Ex parte WrightAnnotate this Case
Ex parte Wright
1944 OK CR 10
145 P.2d 772
78 Okl.Cr. 157
Oklahoma Court of Criminal Appeals
1. Habitual Criminals Statute Does not Create New or Independent Crime. The habitual criminal statute does not create or define a new or independent crime, but describes circumstances wherein one convicted of specific crime may be more severely penalized because of his previous conviction of another crime, as "habitual criminality" is a state, not a crime. 21 O. S. A 1941 § 51.
2. Habeas Corpus-Scope of Inquiry-Petition no Substitute for Appeal. A petition for habeas corpus will not take the place of an appeal. In such action the court will not review the evidence, but will only determine whether the judgment and sentence was void, or that the court was without jurisdiction to render the judgment and sentence.
3. Same-Question of Sufficiency of Information not Properly Raised by Petition for Habeas Corpus After Conviction. The proper practice to raise the question of sufficiency of the in formation is by demurrer or motion to quash, and by appeal, and not by petition for habeas corpus after conviction and sentence.
Original habeas corpus proceeding by Pat Wright to secure his release from State Penitentiary. Writ denied.
O. H. Whitt, of McAlester, for petitioner.
Randell S. Cobb, Attly. Gen., and Sam H. Lattimore, Asst. Atty. Gen., for respondent.
BAREFOOT, J. This is an original proceeding in habeas corpus instituted by the petitioner, Pat Wright, to secure his release from the State Penitentiary, where he is now confined by reason of a judgment and sentence of the district court of Pottawatomie county, Okla., entered on April 21, 1941, sentencing him to serve a term of 12 years for the crime of burglary in the second degree, he having been previously convicted in the district court of Sequoyah county, Okla., on January 20, 1932, and served a term of five years in the State Penitentiary.
Petitioner has heretofore filed a petition for habeas corpus before this court, and the same was denied on December 16, 1942. See In re Wright, 75 Okla. Cr. 400, 132 P.2d 351.
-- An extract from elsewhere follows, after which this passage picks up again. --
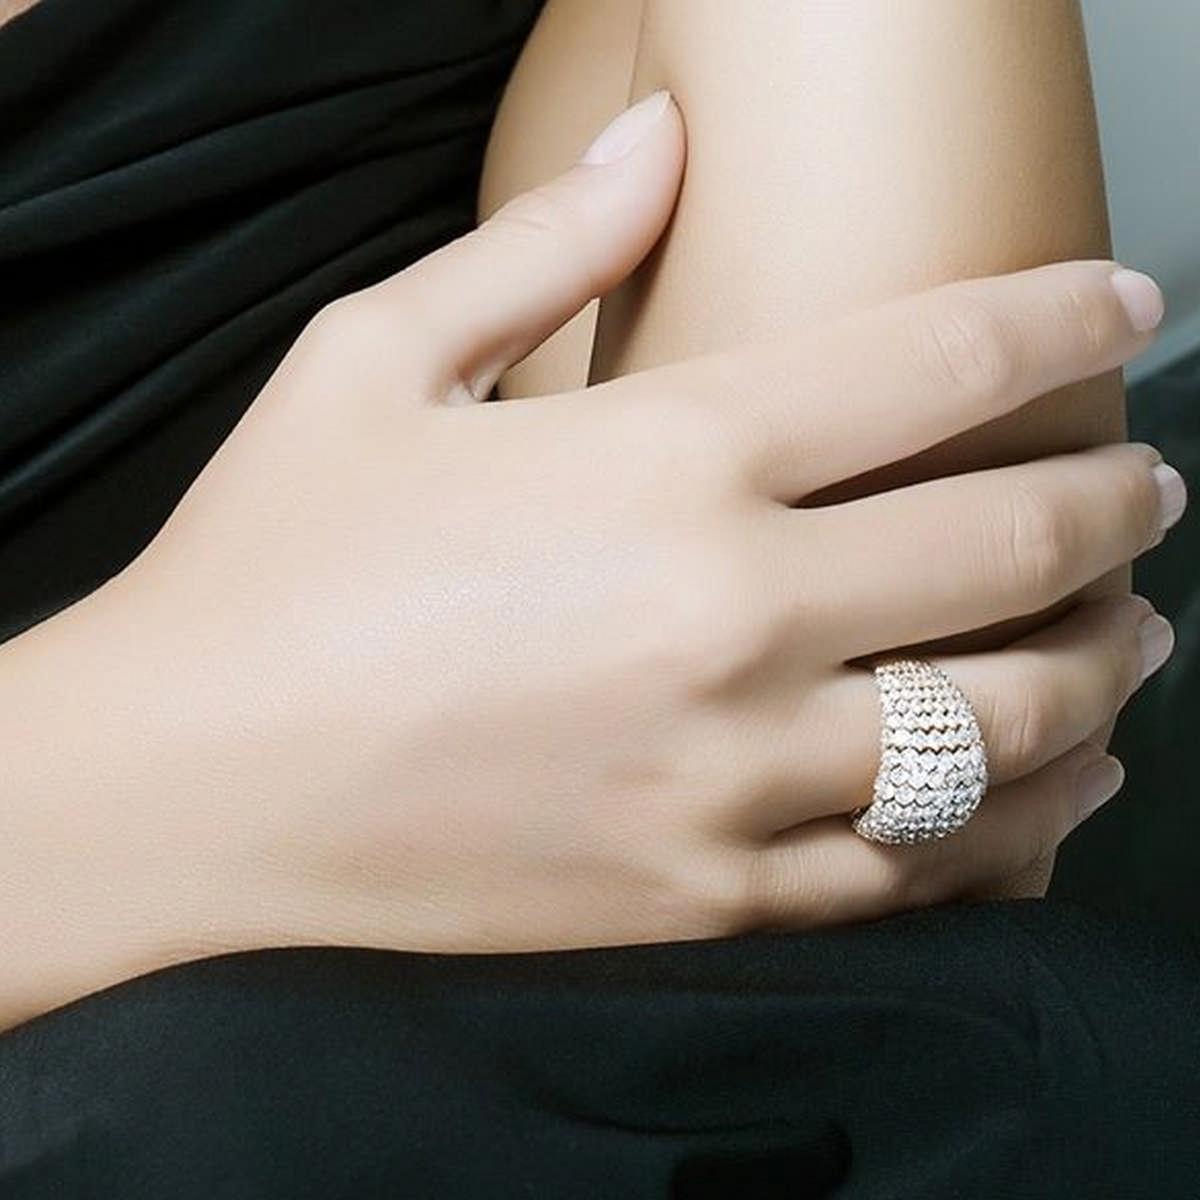 sofia-gioielli-007
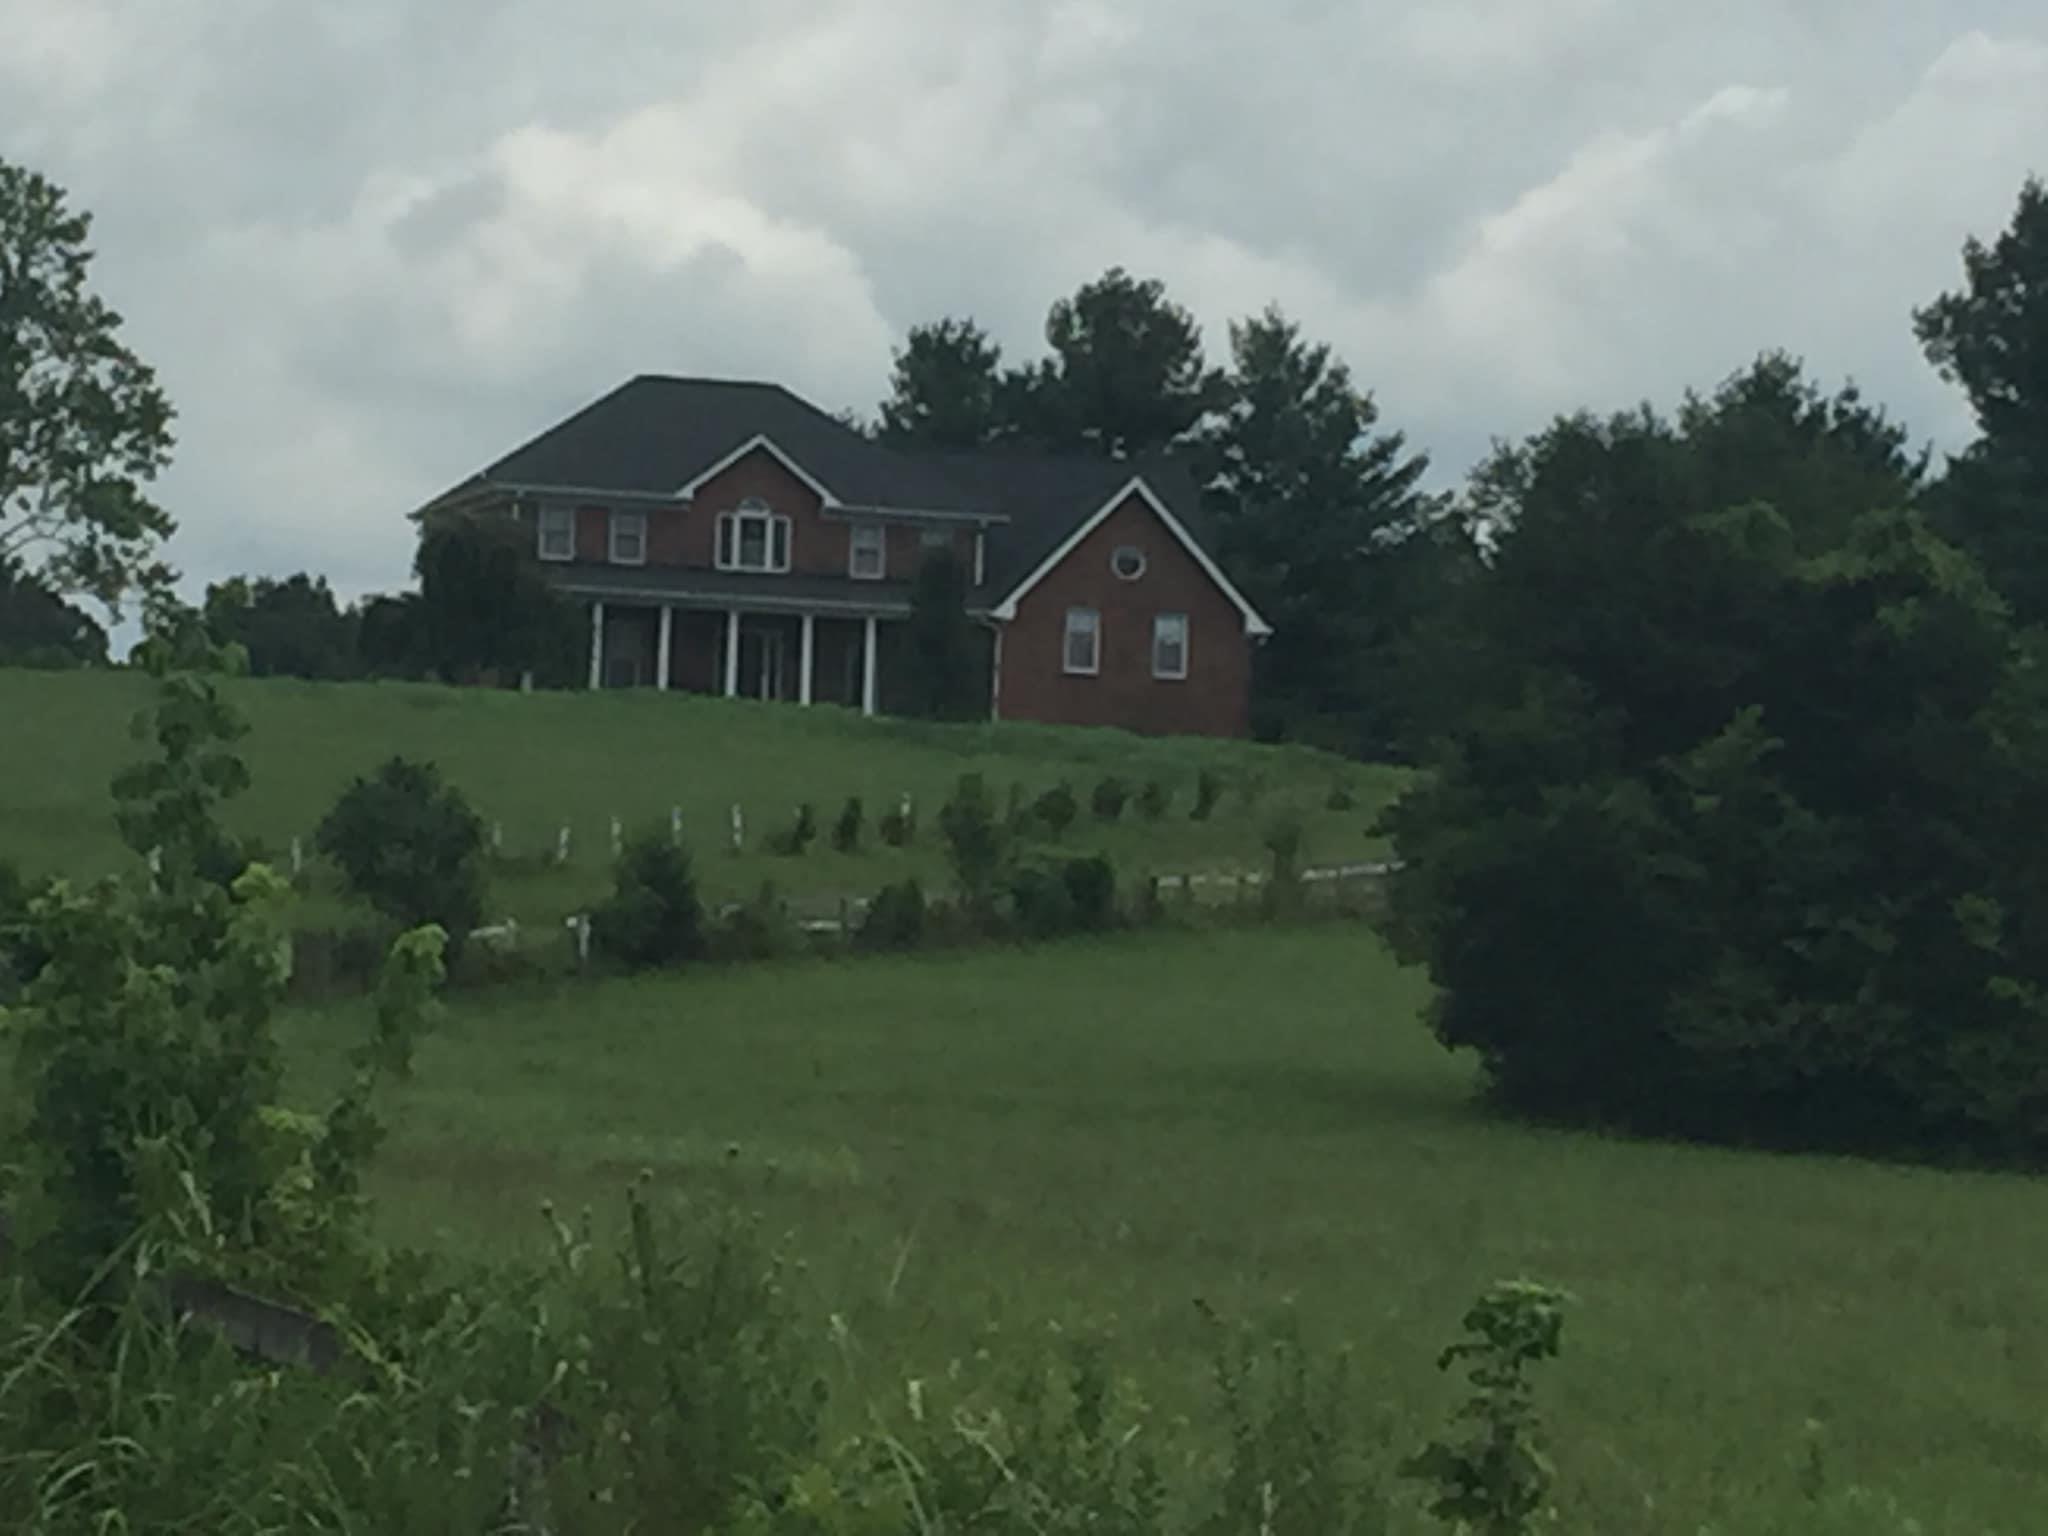 2580 25W Hwy, Cottontown, TN 37048 - Cottontown, TN real estate listing

It is now contended by counsel for petitioner that petitioner himself prepared the original petition without the aid or assistance of counsel, and that the same did not present the question here presented, and that petitioner is
now being held by reason of a void judgment and sentence, and that he is entitled to be discharged.
Counsel cites in support of this contention decisions from this court in which defendants were charged with the crime of being "second offenders," and in which the court held that there was no such crime under the statutes of this state, and the petitioners were discharged on habeas corpus.
The facts in the instant case are not the same as the facts in those cases. Petitioner attaches to his petition a copy of the information tinder which petitioner was tried and convicted, and a copy of the judgment and sentence. The information charges him with burglary in the second degree in Pottawatomie county. It then charges him as a second offender, by reason of having been previously convicted in Sequoyah county, and having served a term of five years, in the penitentiary tinder such judgment and sentence. The copy of the judgment and sentence attached to the petition reveals that defendant was sentenced for the crime of burglary in the second degree and in compliance with the verdict returned by the jury.
We have held that the "second offense" statute 21 O. S. A. 1941 § 51, only goes to the increase of the punishment, and is not a part of the offense charged. O'Neil v. State. 76 Okla. Cr. 107, 134 P.2d 1033; Long v. State, 77 Okla. Cr. 174, 140 P.2d 600, 602; Ex parte Shockley, 78 Okla. Cr. 101, 144 P.2d 118; Ex parte Weaver, 60 Okla. Cr. 290, 64 P.2d 925.
It is not necessary that it be stated in the verdict that the defendant is found guilty of the second offense. The majority rule upon this question is stated in 58 A. L. R. 93, as follows:
"It appears to be the majority rule that, on a charge of a 'second' or 'subsequent offense,' it is not essential that the verdict of the jury should find specially as to the fact of a prior conviction, but it is sufficient if, from the verdict itself, it is apparent that the jury has passed on the issue of the prior conviction." See the cases cited in this note.
It is further contended that the allegations of the information were not definite and certain, and that the allegations were not sufficient to give the court jurisdiction.
These were questions that should have been raised by demurrer or motion to quash, and brought to this court by appeal, and not by habeas corpus. However, we have examined the information and do not find it insufficient under the decisions of this court. White v. State, 58 Okla. Cr. 401, 54 P.2d 214.
We have examined the authorities cited in the brief of petitioner and do not find anything therein which would justify us in holding the judgment and sentence under which petitioner was committed was void.
For the reasons above stated, the demurrer to the petition filed by the Attorney General on behalf of the warden of the penitentiary should be sustained, and the writ of habeas corpus should be denied.